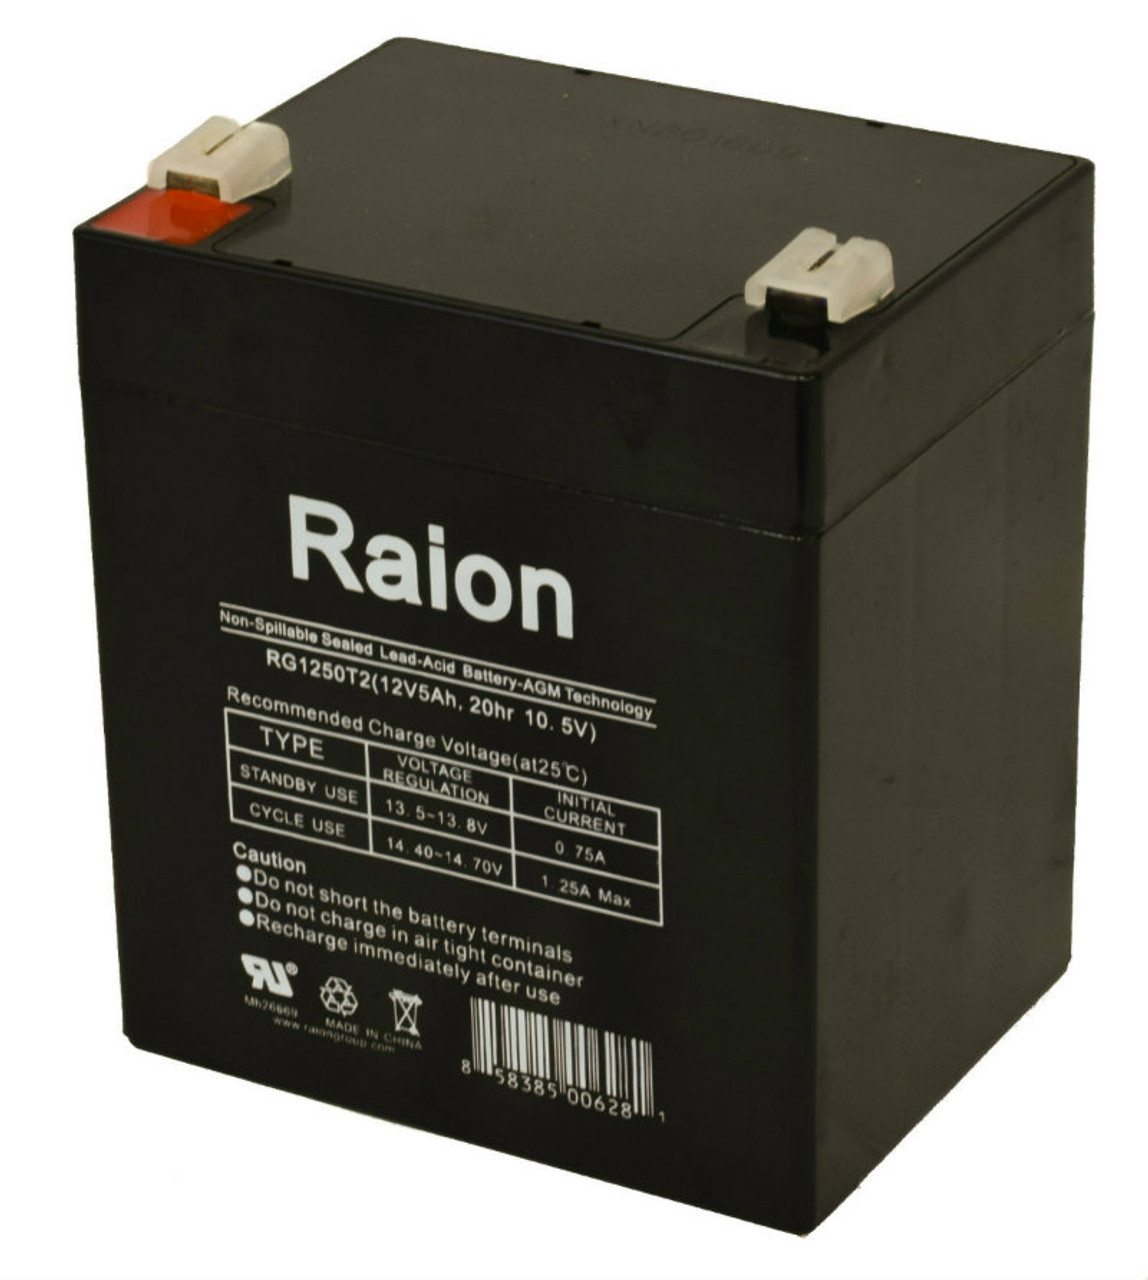 Raion Power RG1250T1 Replacement Emergency Light Battery for Silent Knight ENERJET
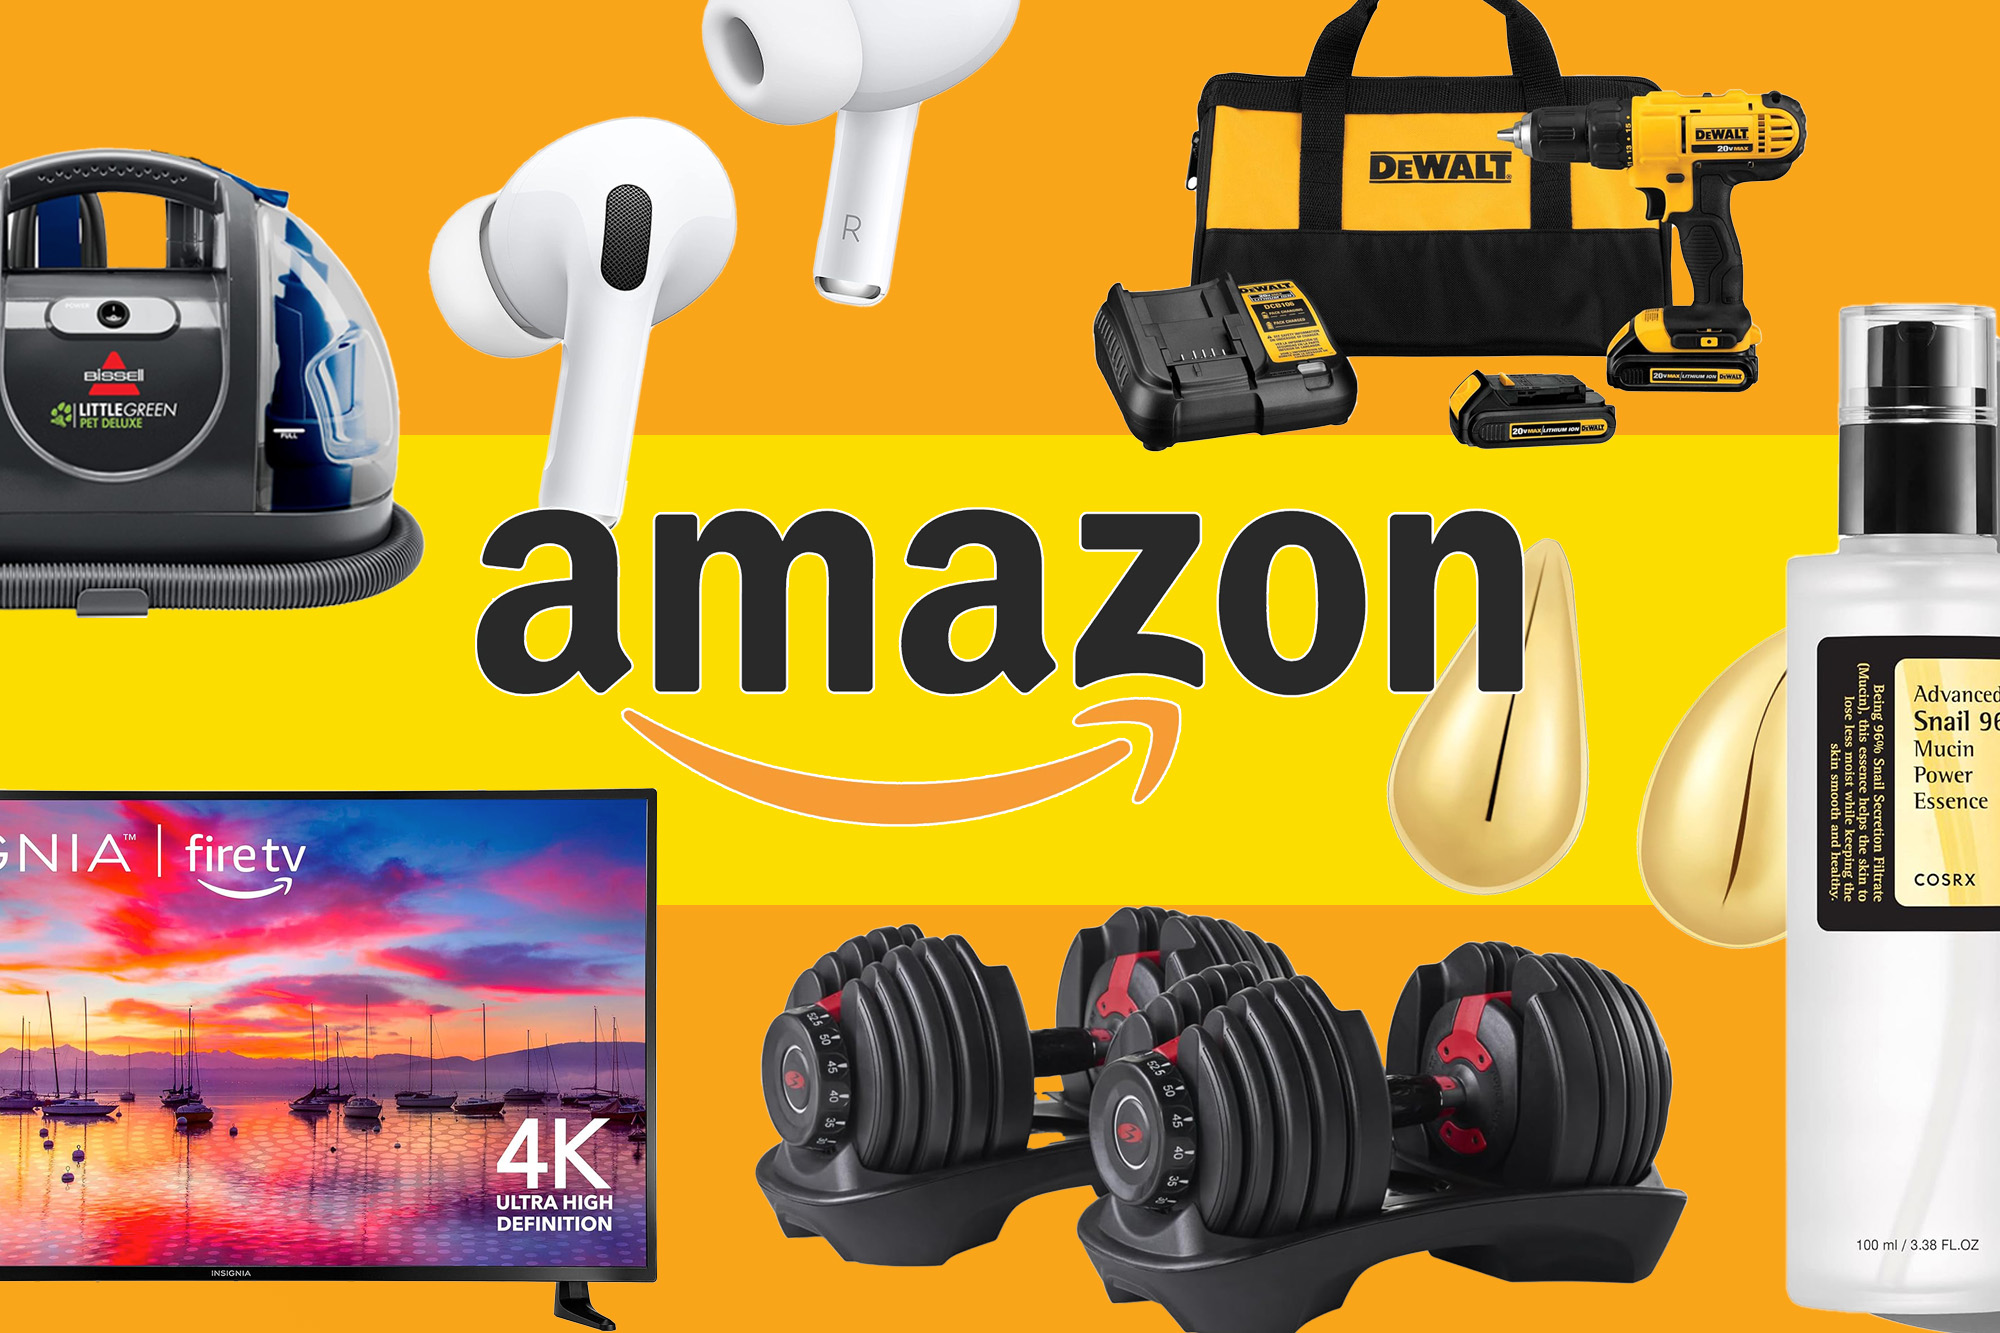 We just spotted 21 of Amazon's best deals of the week ahead: AirPods, DeWalt, more
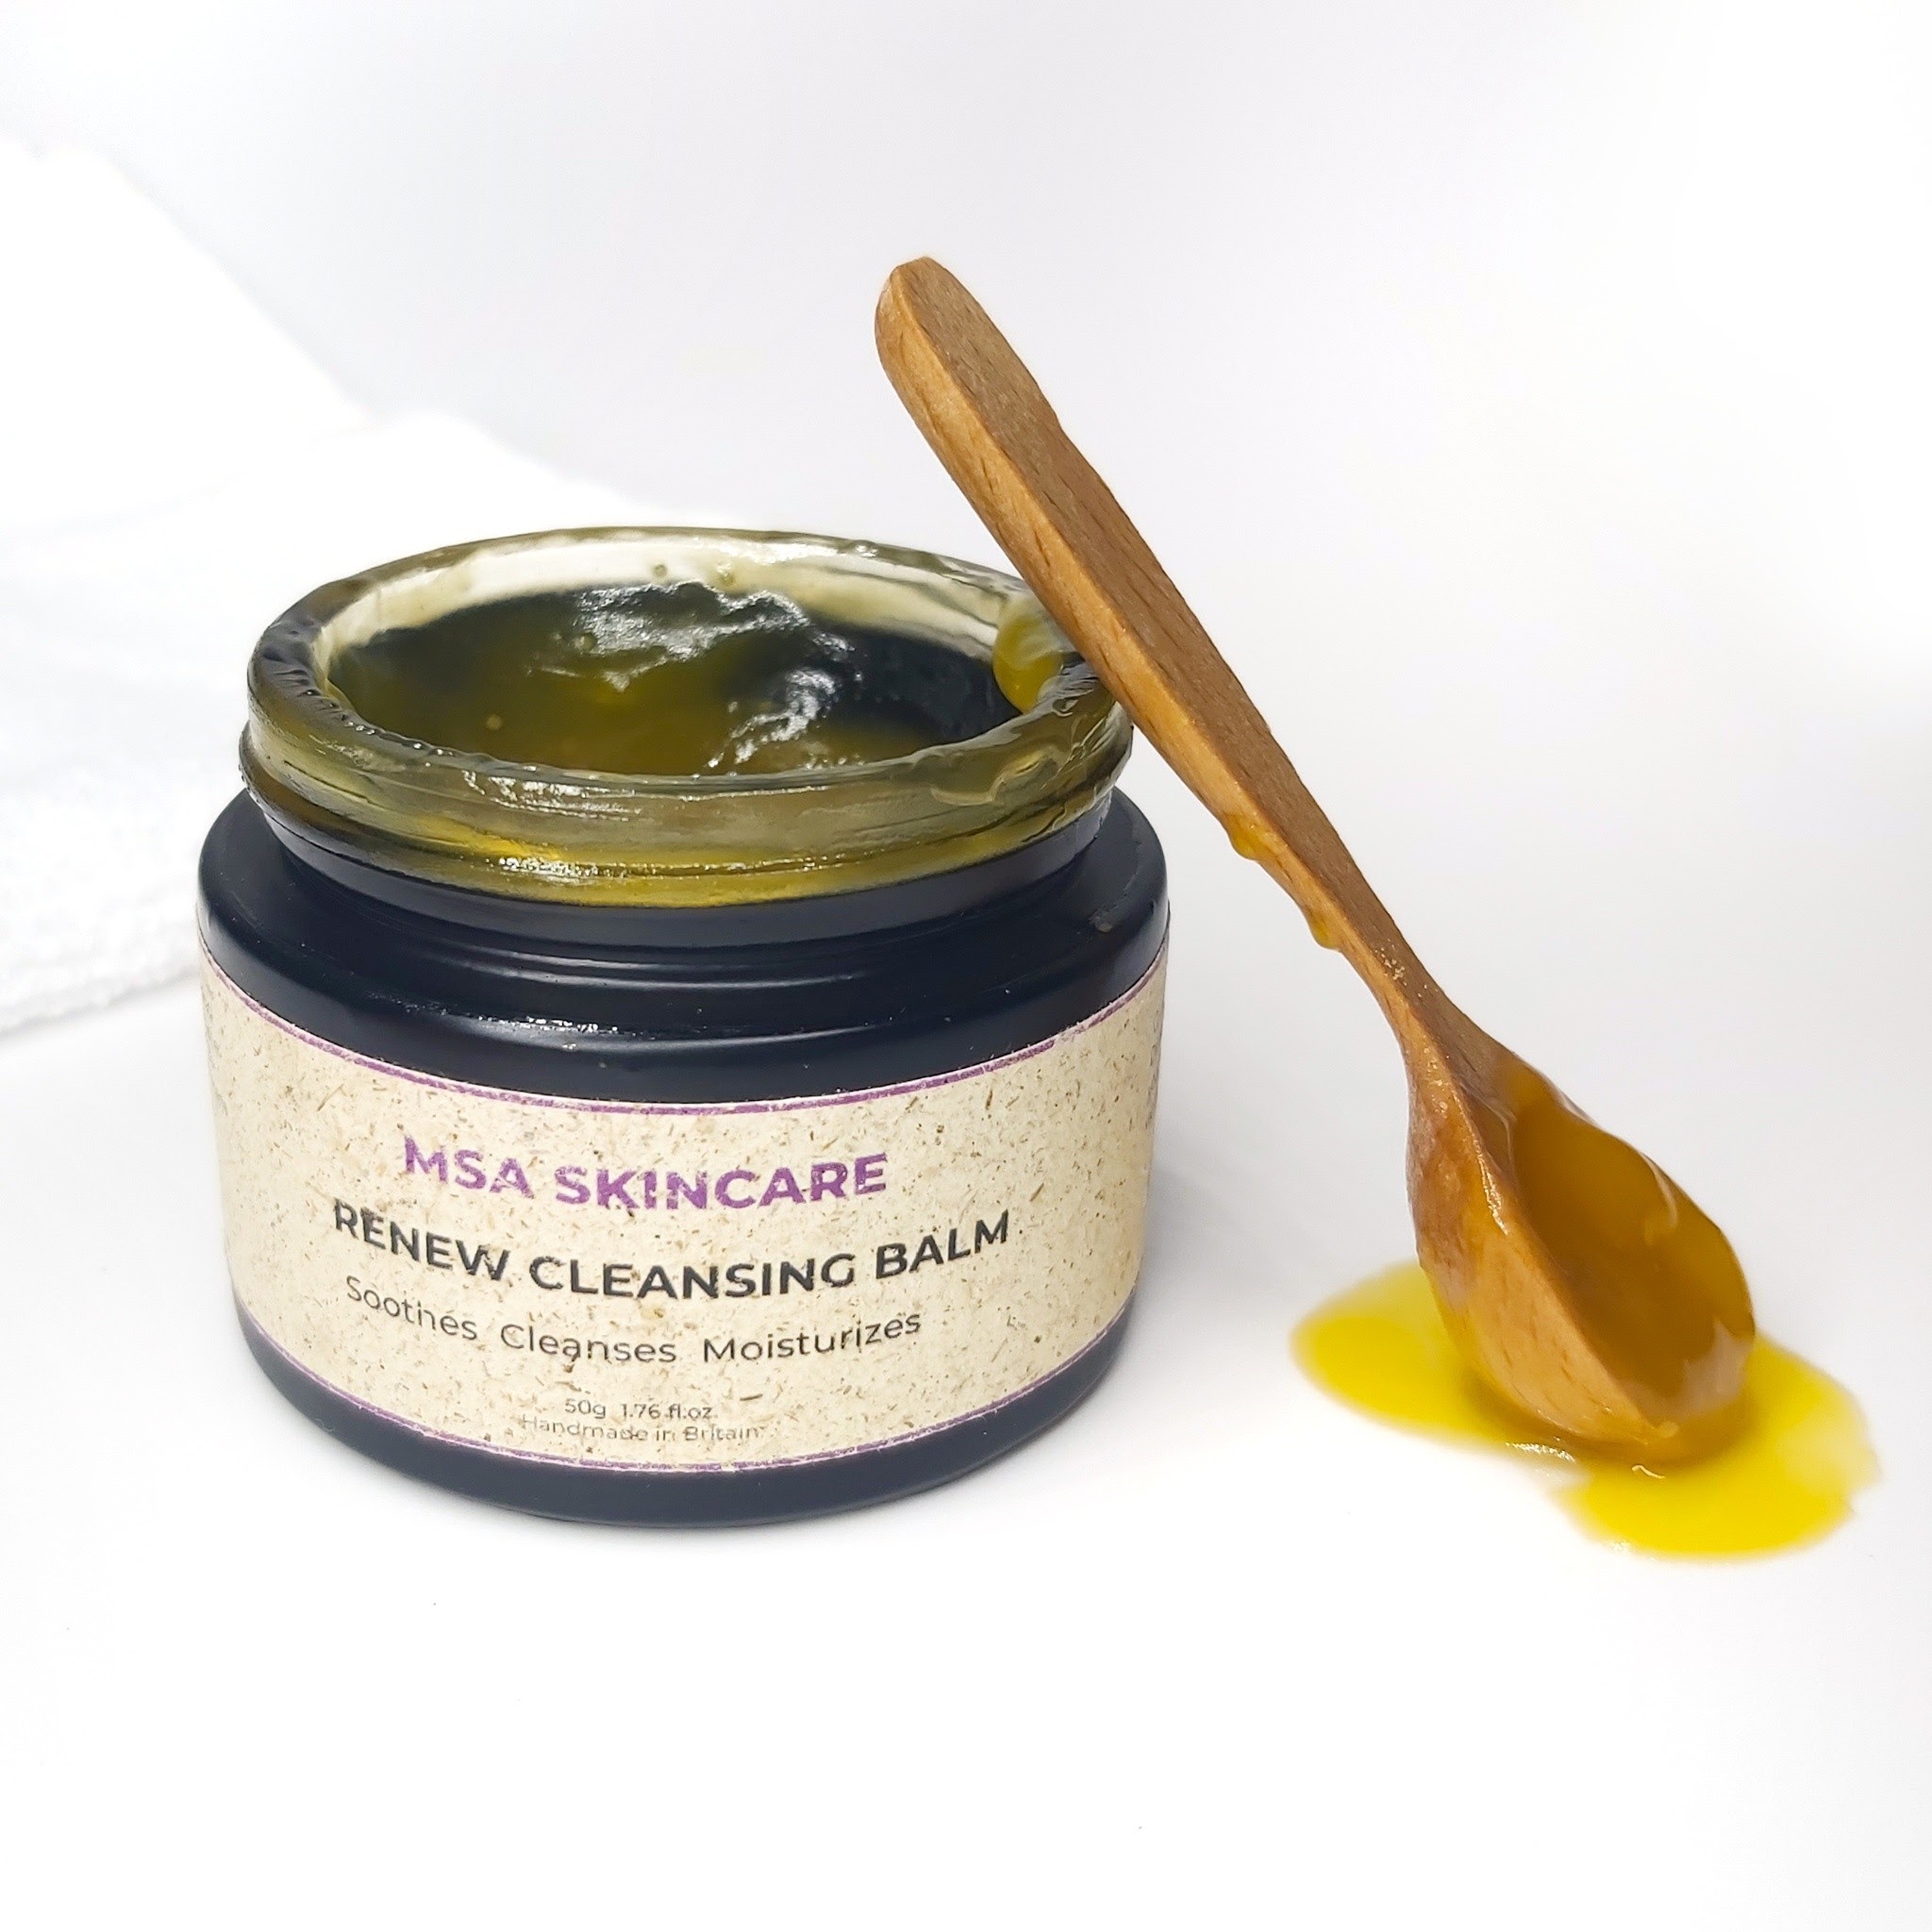 An open jar of MSA Skincare's Renew Cleansing Balm with a spoon of balm propped up against the jar. Natural SKincare review by Beauty Folio.

= Problem to work on =
In the copy you return, include exactly the lines from the one containing "We just spotted" through the final line of the listing, and no pictures.

= Task response =
 We just spotted 21 of Amazon's best deals of the week ahead: AirPods, DeWalt, more
 An open jar of MSA Skincare's Renew Cleansing Balm with a spoon of balm propped up against the jar. Natural SKincare review by Beauty Folio.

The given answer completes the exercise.